Donnerstag, 10. September 2015

Wohin mit der ganzen Begeisterung?

Foto: blauer Himmel mit rosa schimmernden Wolkenfetzen
(Bild: pixabay)
Anziehung, Verliebtheit, Schwärmerei, Faszination für die Attraktivität eines Menschen - wie auch immer man es nennen will... es ist ein schönes Gefühl, einen anderen Menschen ganz akut so wunderbar zu finden, dass ich bei dem Gedanken an ihn schon lächeln muss und mich freue.

Ich bin fast immer irgendwie verliebt, meist sogar in mehrere Menschen gleichzeitig. Normalerweise ergibt sich zum Glück zumindest für den einzelnen Moment eine gewisse Priorität, so dass ich nicht allzu oft in die missliche Lage komme, mich zwischen zwei anziehenden Menschen nicht entscheiden zu können, die im selben Raum mit mir sind... wobei ich dann aber manchmal trotzdem traurig darüber bin, nicht allen diesen Gefühlen gleichzeitig Ausdruck verleihen zu können.

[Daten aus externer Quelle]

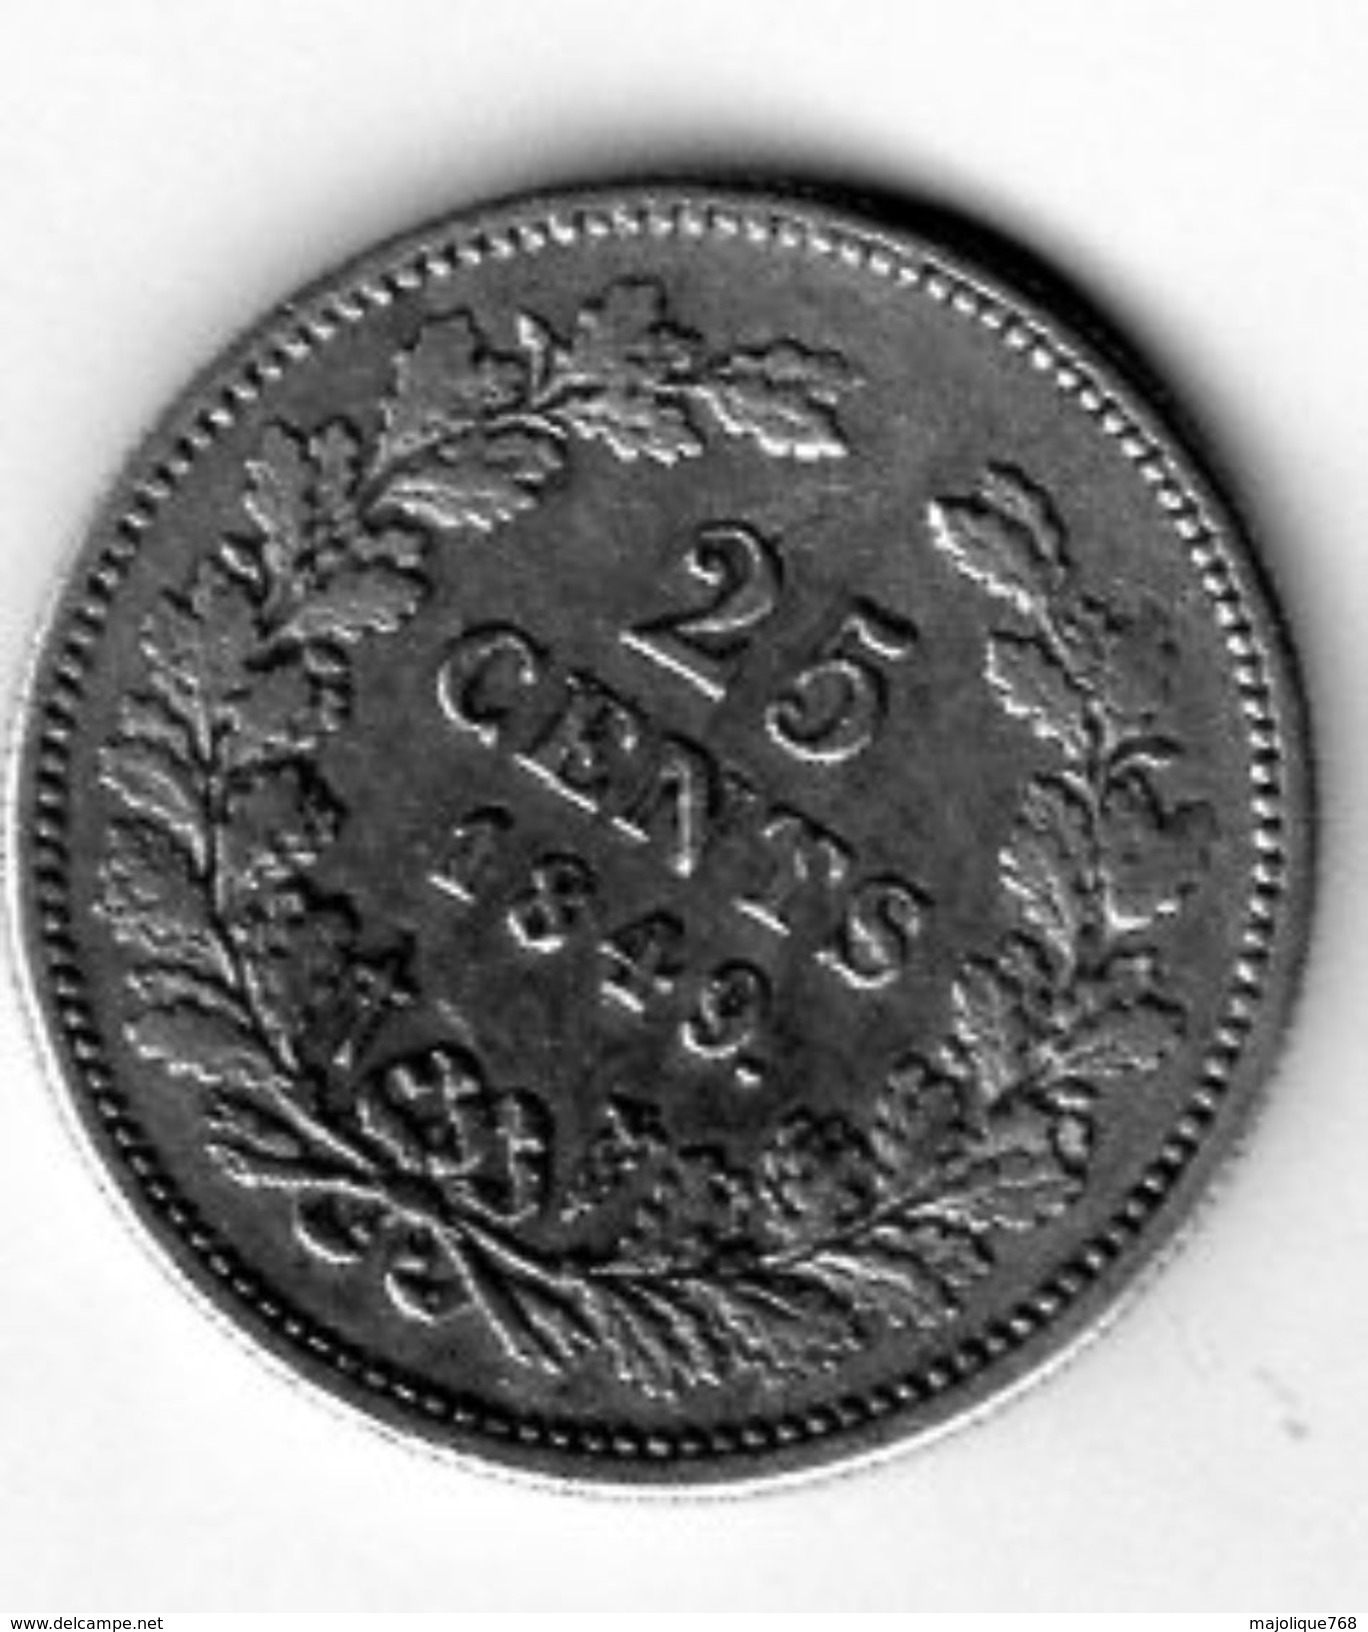 Pièce De Monnaie Du Pays-bas - 25 Cents Argent 1849 En T T B + - - 1840-1849 : Willem II

Vor allem dann, wenn mich die innere Stimme zurückhält, die mir erzählt, wie die sozialen Normen funktionieren und dass es gerade ziemlich unangemessen wäre, laut auszurufen "Ich liebe dich! Und dich! Und dich auch! Ihr seid alle so verdammt anziehend!".

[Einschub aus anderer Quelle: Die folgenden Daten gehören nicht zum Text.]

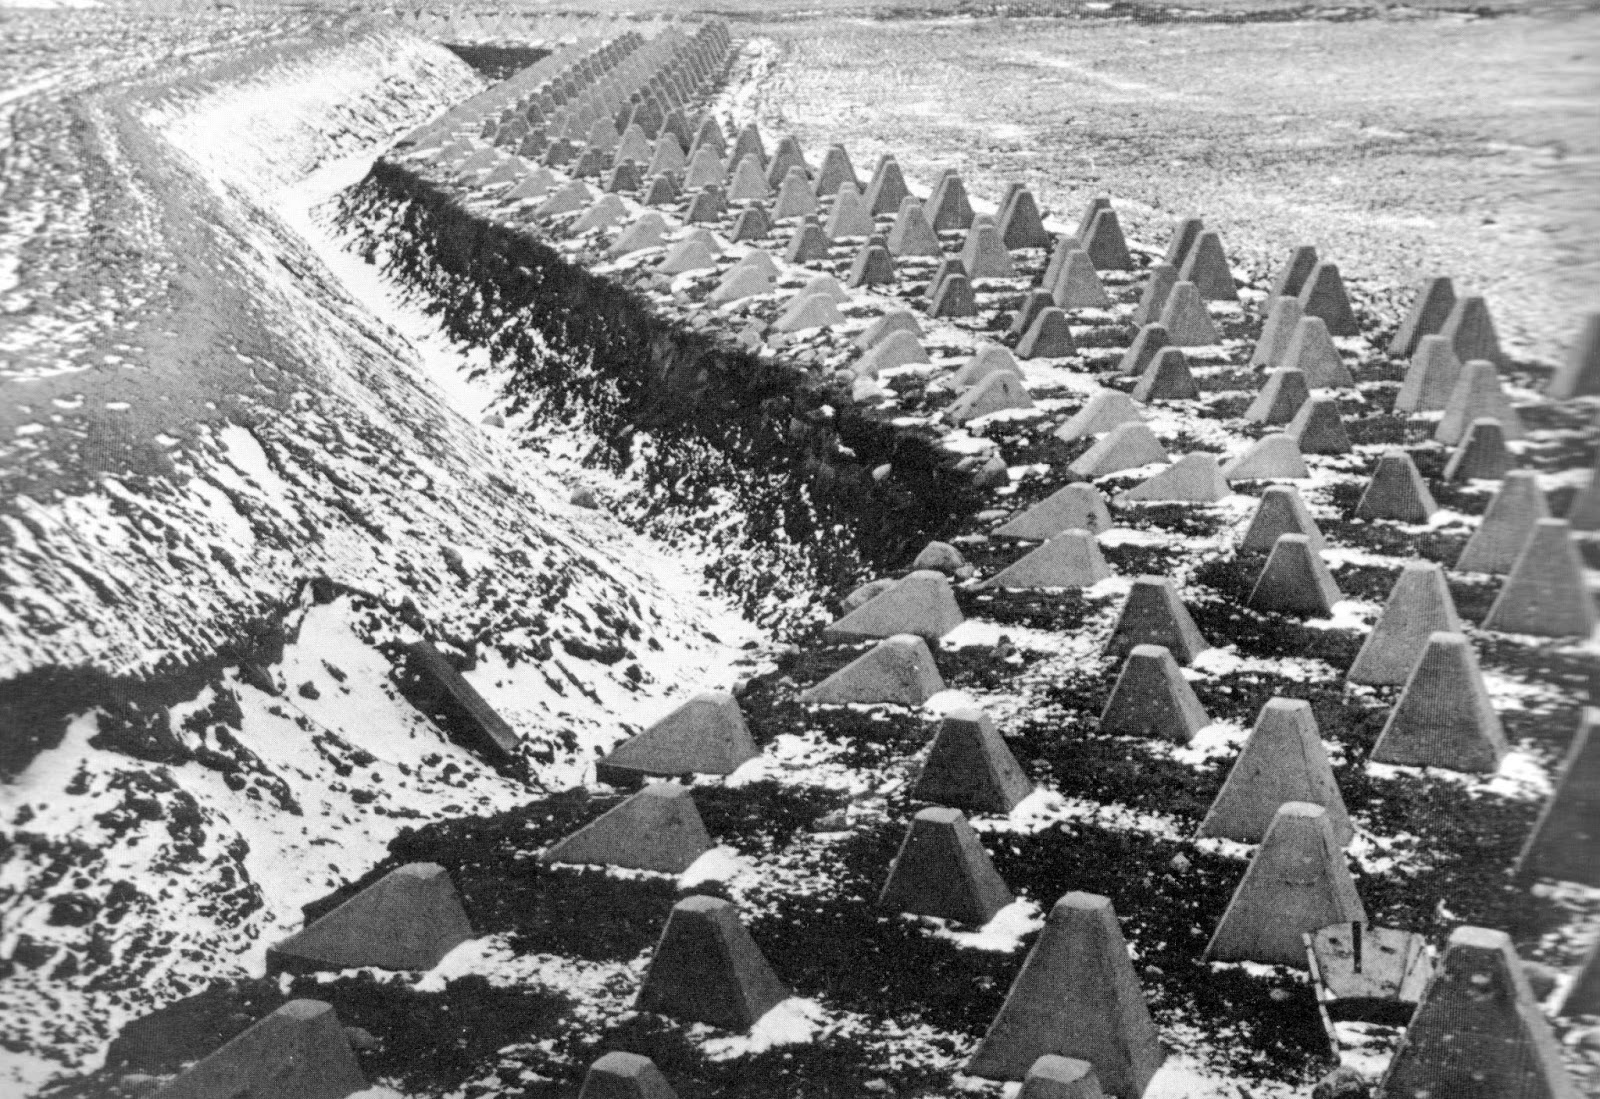 Siegfried line 1945

Diese innere Stimme ist leider manchmal ein guter Ratgeber, und manchmal ein schlechter... und die Schwierigkeit besteht darin, festzustellen was nun gerade der Fall ist.

Ich bin früher mit meiner Begeisterungsfähigkeit ein paar Mal heftig auf die Schnauze gefallen, und seitdem ist diese Stimme etwas übervorsichtig. Was nun regelmäßig dazu führt, dass ich mich darüber ärgere, weil ich mich mal wieder nicht getraut habe, meine Begeisterung für einen Menschen wirklich offen zu zeigen.
Andererseits lebe ich aber auch in einer Welt, wo überschwängliche Begeisterung manchmal als Schwäche ausgelegt wird, mir dann mangelnde Ernsthaftigkeit unterstellt wird, oder die betroffene Person sogar Angst bekommt, weil sie das nicht gewohnt ist und weil im klassischen Skript so eine Begeisterung meist mit Erwartungen verbunden ist (und dass das bei mir nicht so ist, kann man ja nur rausfinden, wenn man zumindest zulässt, mich besser kennenzulernen).
Es ist also immer eine Gratwanderung.

Und manchmal sehne ich mich sehr nach einer Welt, in der ich diese Gratwanderung nicht mehr machen muss, und mich hemmungslos auf die Seite der Schwärmerei fallen lassen kann.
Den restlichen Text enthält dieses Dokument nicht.